String.length() / charAt()
Methods for getting the length of a string or retrieving a character at a specified position. Java strings are managed in UTF-16, so use codePointAt() to handle surrogate pairs (such as emoji) correctly.
Syntax
// Returns the number of characters in the string. string.length(); // Returns the character at the specified position (0-based index). string.charAt(int index); // Returns the Unicode code point at the specified position. string.codePointAt(int index);
Method List
| Method | Description |
|---|---|
| length() | Returns the number of characters in the string as an integer. Returns 0 for an empty string. |
| charAt(int index) | Returns the character at the specified index as a char type. The index is 0-based. |
| codePointAt(int index) | Returns the Unicode code point at the specified index as an int type.

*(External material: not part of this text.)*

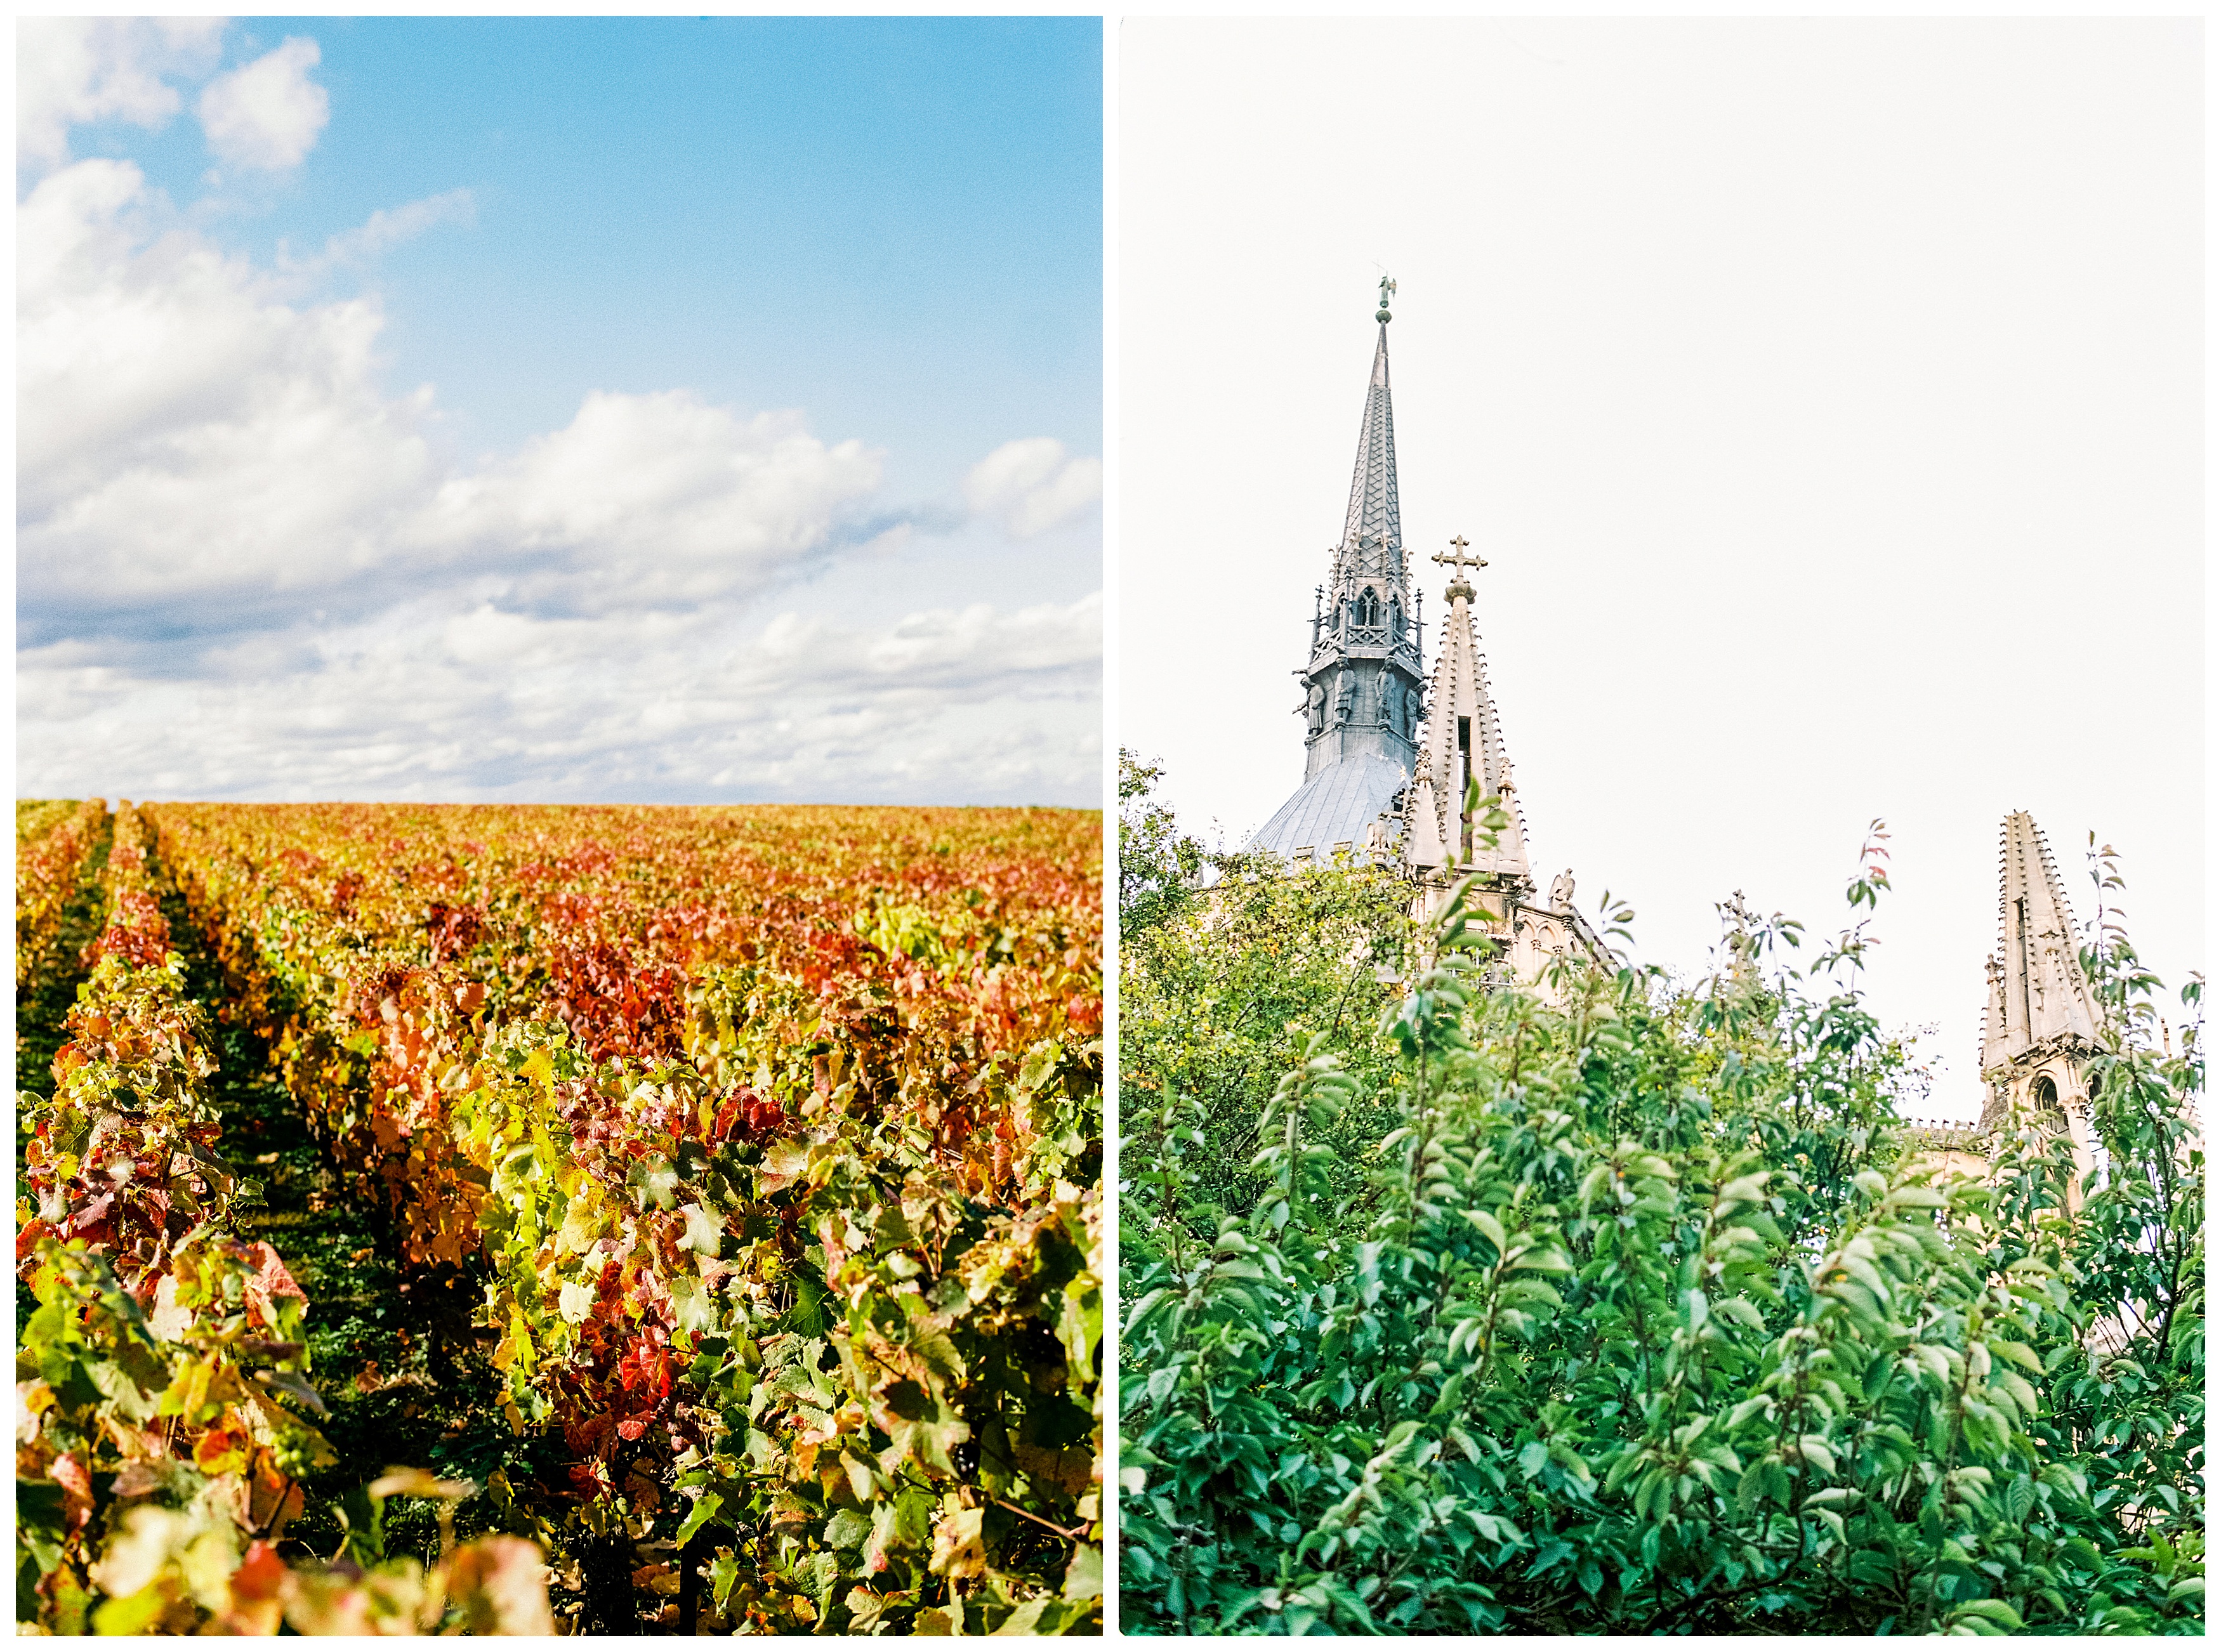 left: rows of vines in champagne right: the spires of the reims cathedral in france peeks above the trees

Supports surrogate pairs. |
Sample Code
// Get the length of a string.
String str = "Hello";
System.out.println(str.length()); // Outputs: 5
// Get the length of a Japanese string.
String name = "山田太郎";
System.out.println(name.length()); // Outputs: 4
// Get the character at a specific position.
String word = "Java";
char c = word.charAt(0);
System.out.println(c); // Outputs: J
// Loop through a string one character at a time.
String text = "abc";
for (int i = 0; i < text.length(); i++) {
System.out.println(text.charAt(i)); // Outputs: a, b, c in order
}
// Get the code point of a character.
String emoji = "😊abc";
System.out.println(emoji.codePointAt(0)); // Outputs the emoji's code point: 128522
Notes
length() is one of the most commonly used string methods in Java and returns the number of characters in a string. Passing a negative index or an index greater than or equal to the string length throws a StringIndexOutOfBoundsException, so always check the range beforehand.
charAt() returns the character at the specified position as a char type. Because char represents a single UTF-16 code unit, use codePointAt() to correctly handle surrogate pair characters such as emoji.
To extract a portion of a string, use substring(). To search within a string, use indexOf() / contains().